Adaptation - its about time (1151)
Time is a capricious yet critical element of climate change science and policy. Our science is more confident about the outcomes of change than it is about the timing of these changes, and our policies focus more on what can be done than on when things are to be done. Indeed, time is a paradox in climate change policy in many ways. No other policy community is informed by projections of change in 100 years time, yet asked to take urgent action now to avoid dangerous futures; and the imperatives of this distant future bring with them uniquely challenging uncertainties.

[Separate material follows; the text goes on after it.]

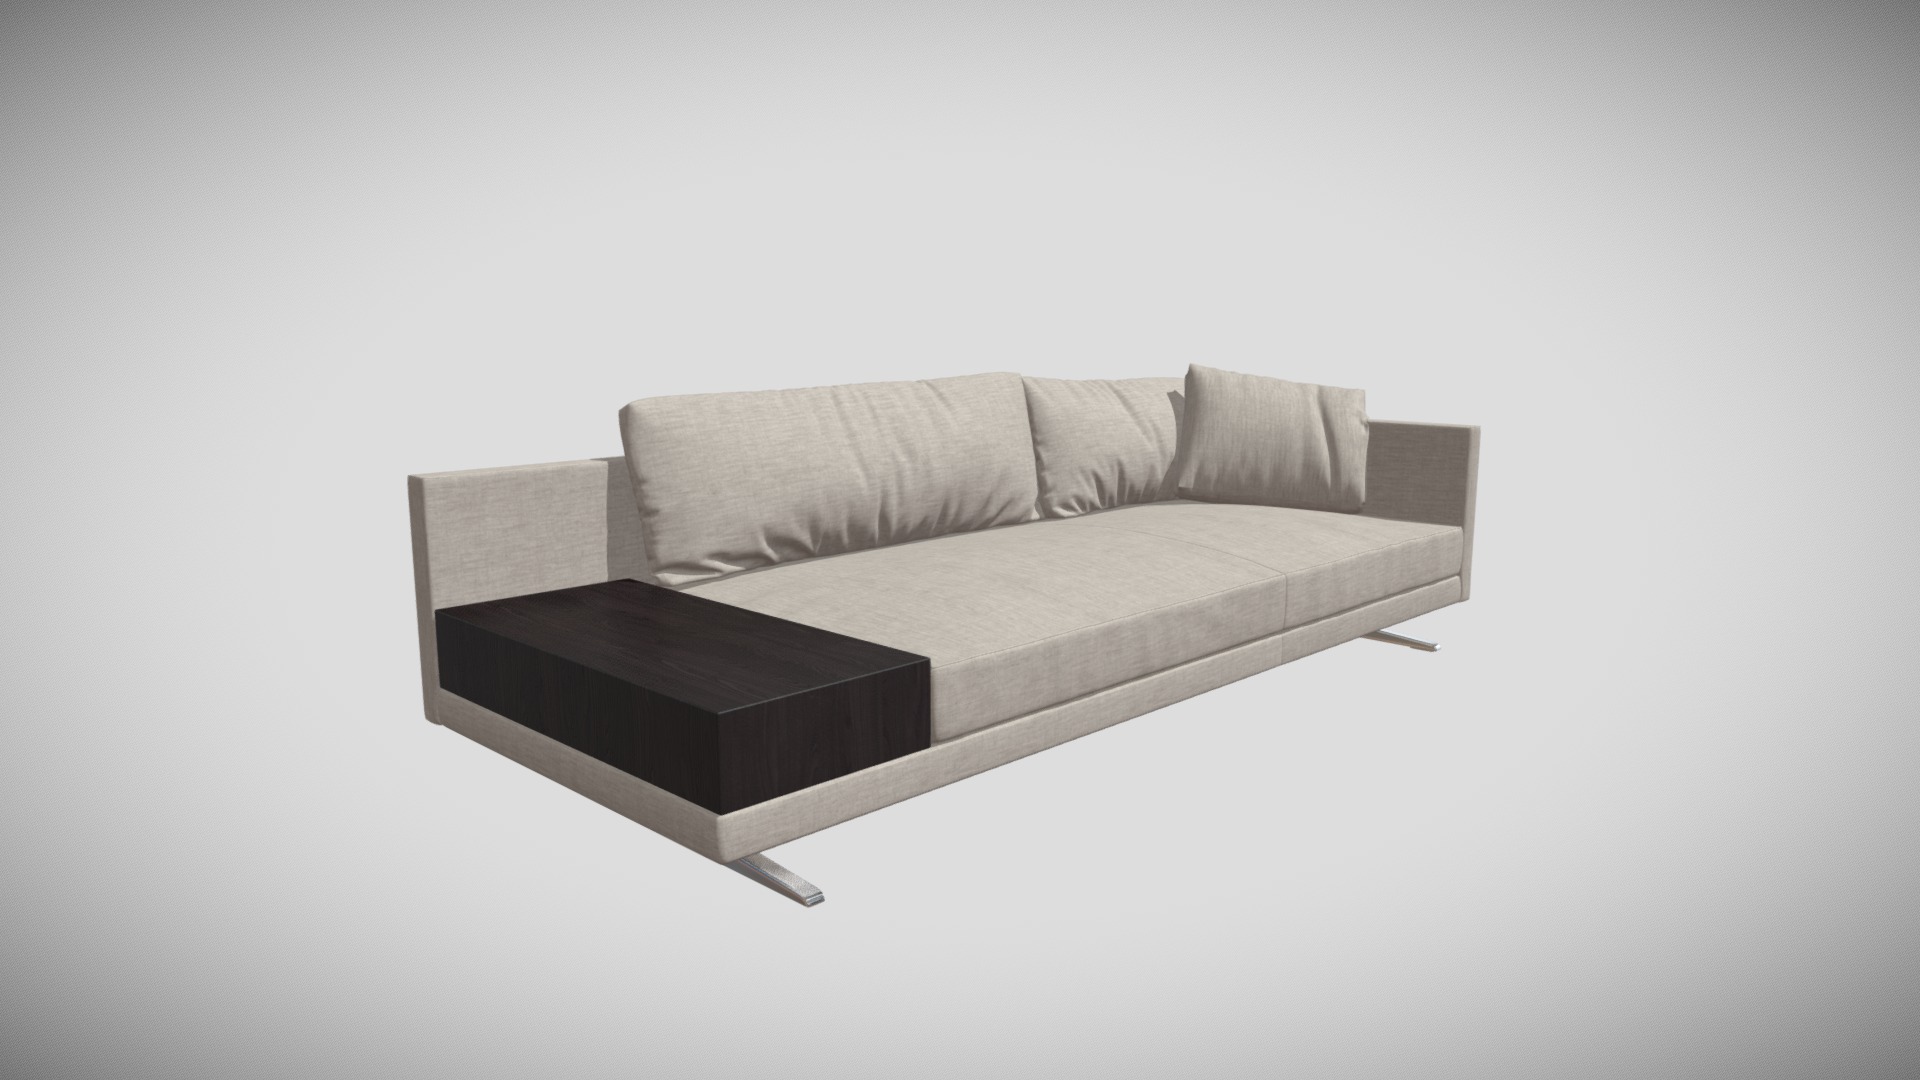 3D model Poliform Mondorian - This is a 3D model of the Poliform Mondorian. The 3D model is about a couch with a cushion.
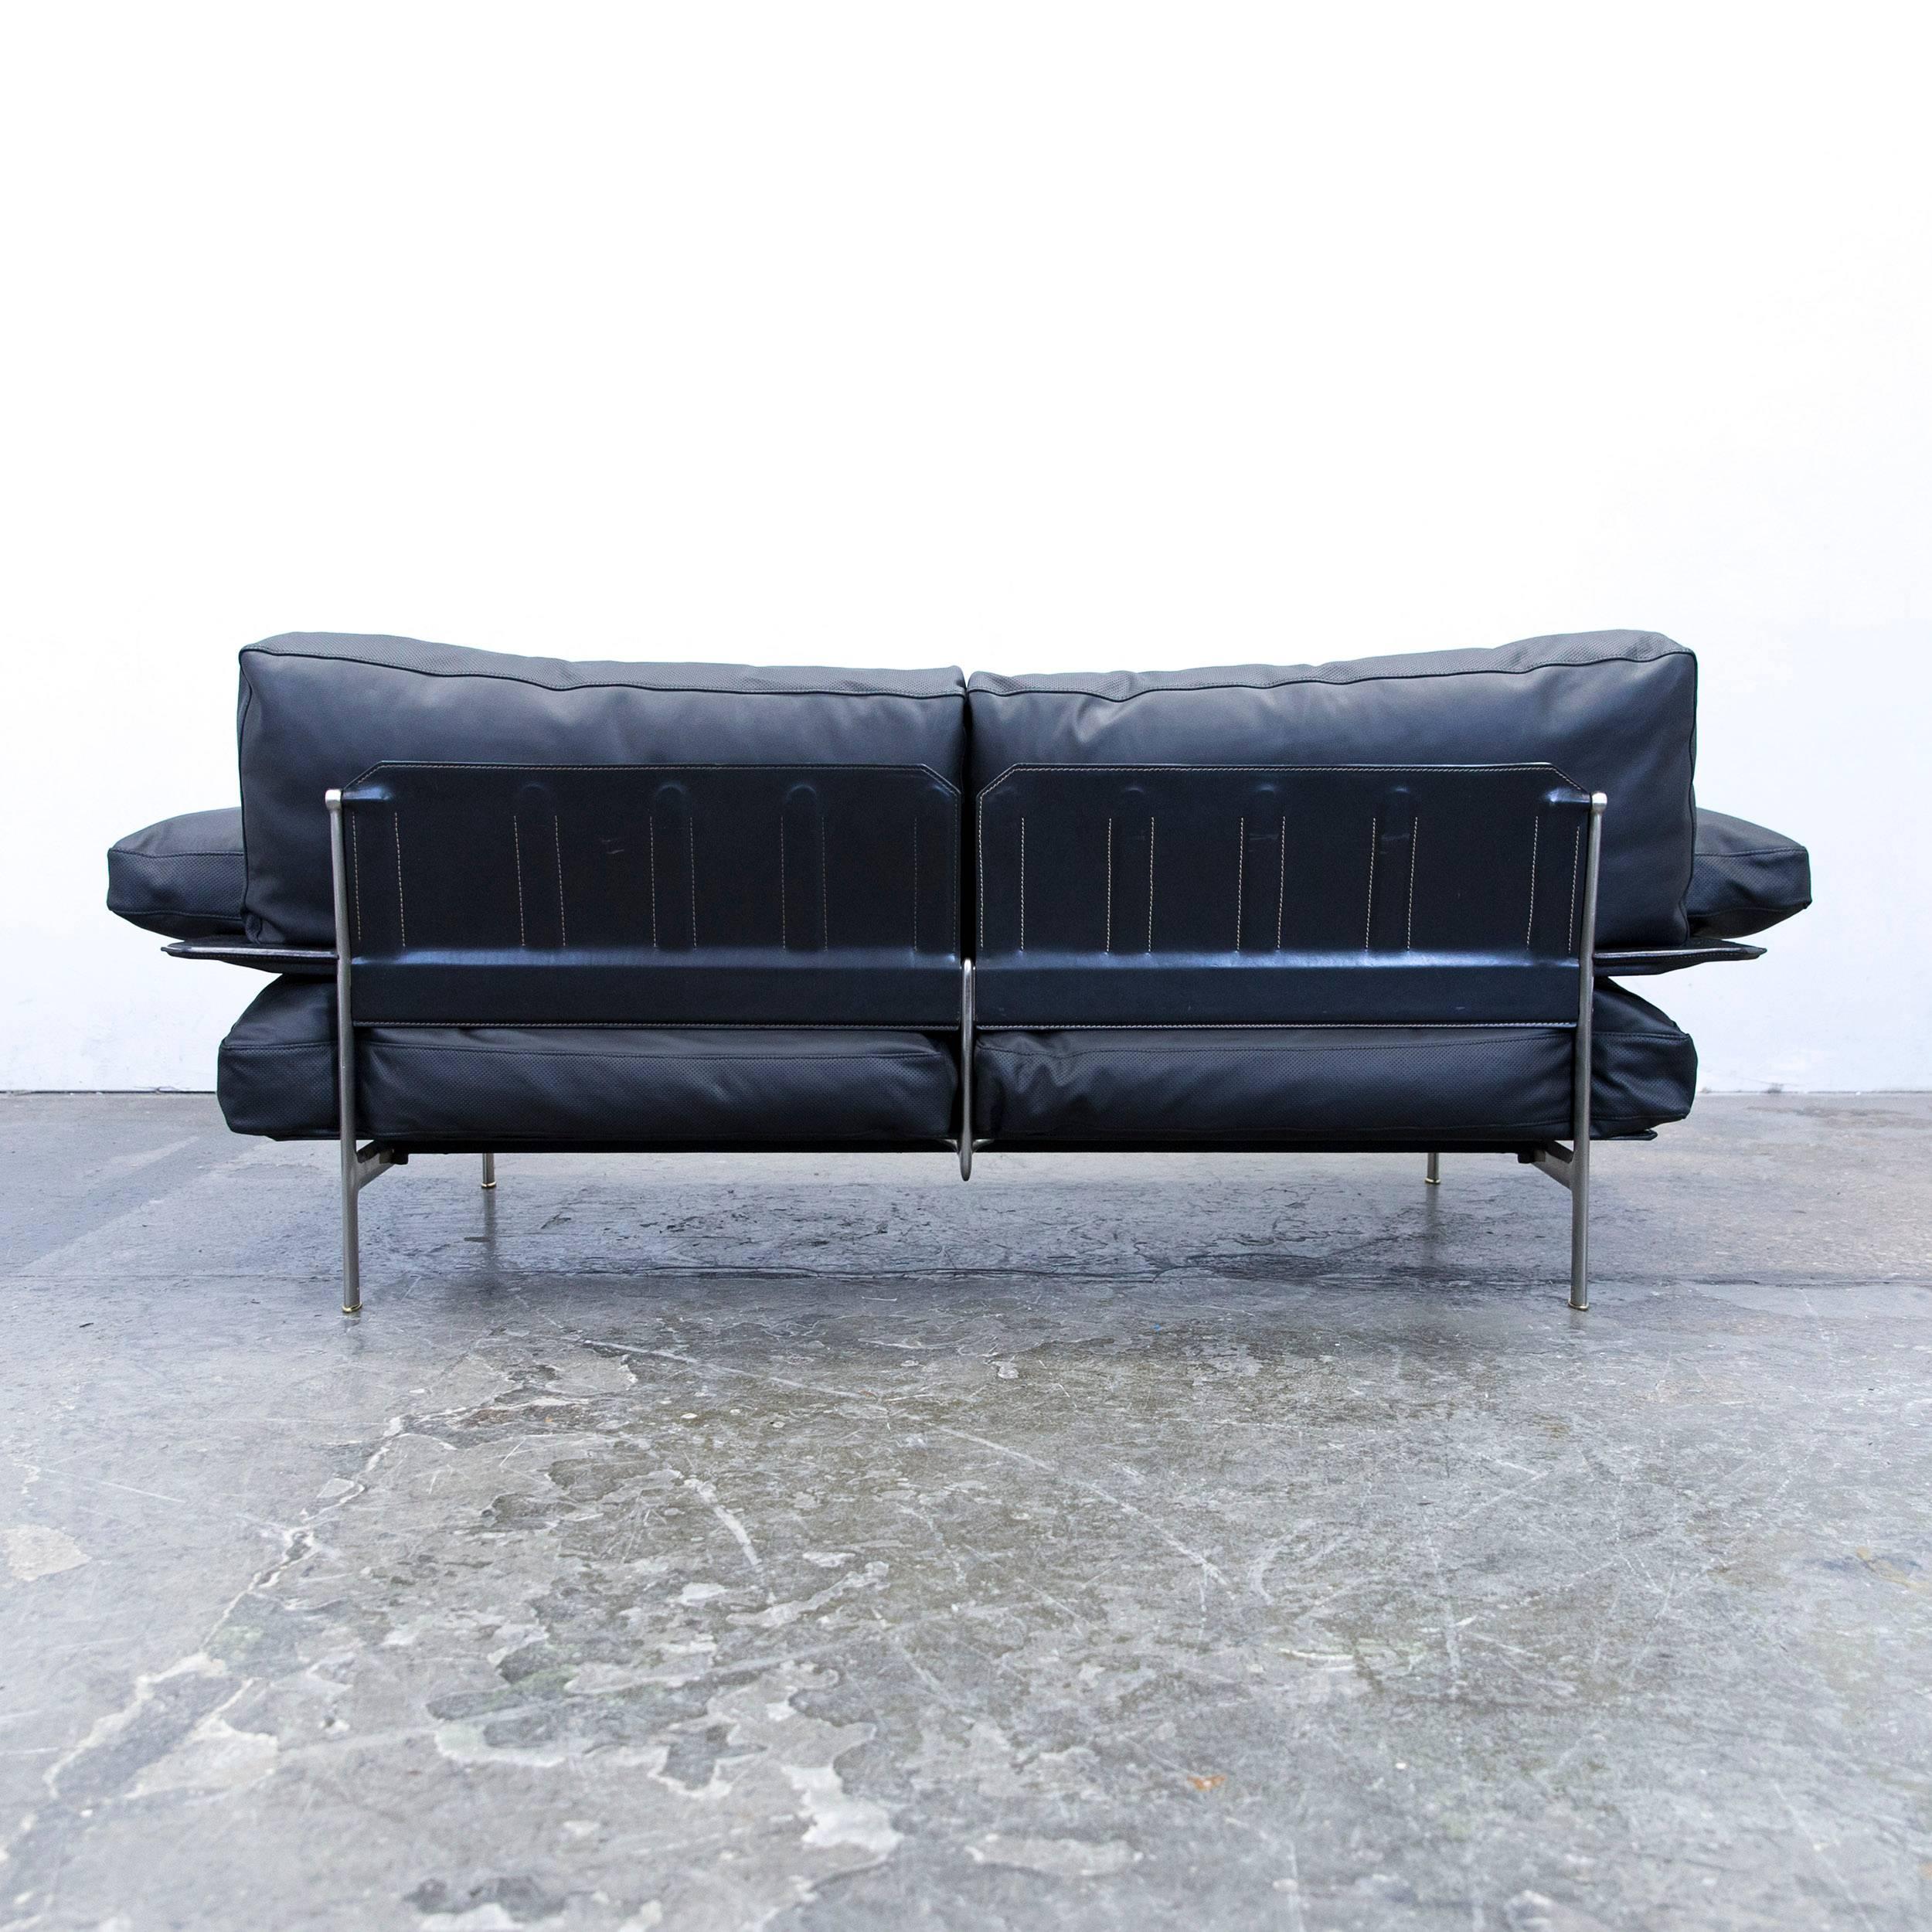 B&B Italia Diesis Designer Sofa Leather Black Two-Seat Couch Modern 2

This talk seeks to nail down three of the elements of time that are elusive in thinking about climate change adaptation. First, it addresses the degree to which adaptation is an urgent policy activity, arguing that projections of dangerous futures bring problems into the present, and that careful decisions are more important than rushed decisions. Second, it explains the way people's understandings of time are not all alike and differ from those that inform adaptation policy. Third, it explains one way in which adaptation practices that begin now can be sustained over very long periods of time.
Jon Barnett is a Professor in the Department of Resource Management and Geography at Melbourne University. He is a political geographer whose research investigates the impacts of and responses to climate change on social systems, with a focus on risks to human insecurity, hunger, violent conflict, and water stress. He has done extensive field-work in the South Pacific, China, and East Timor. Jon is a Lead Author for the Fifth Assessment Report of the IPCC. He is the Executive Editor of the adaptation domain of Wiley Interdisciplinary Reviews Climate Change.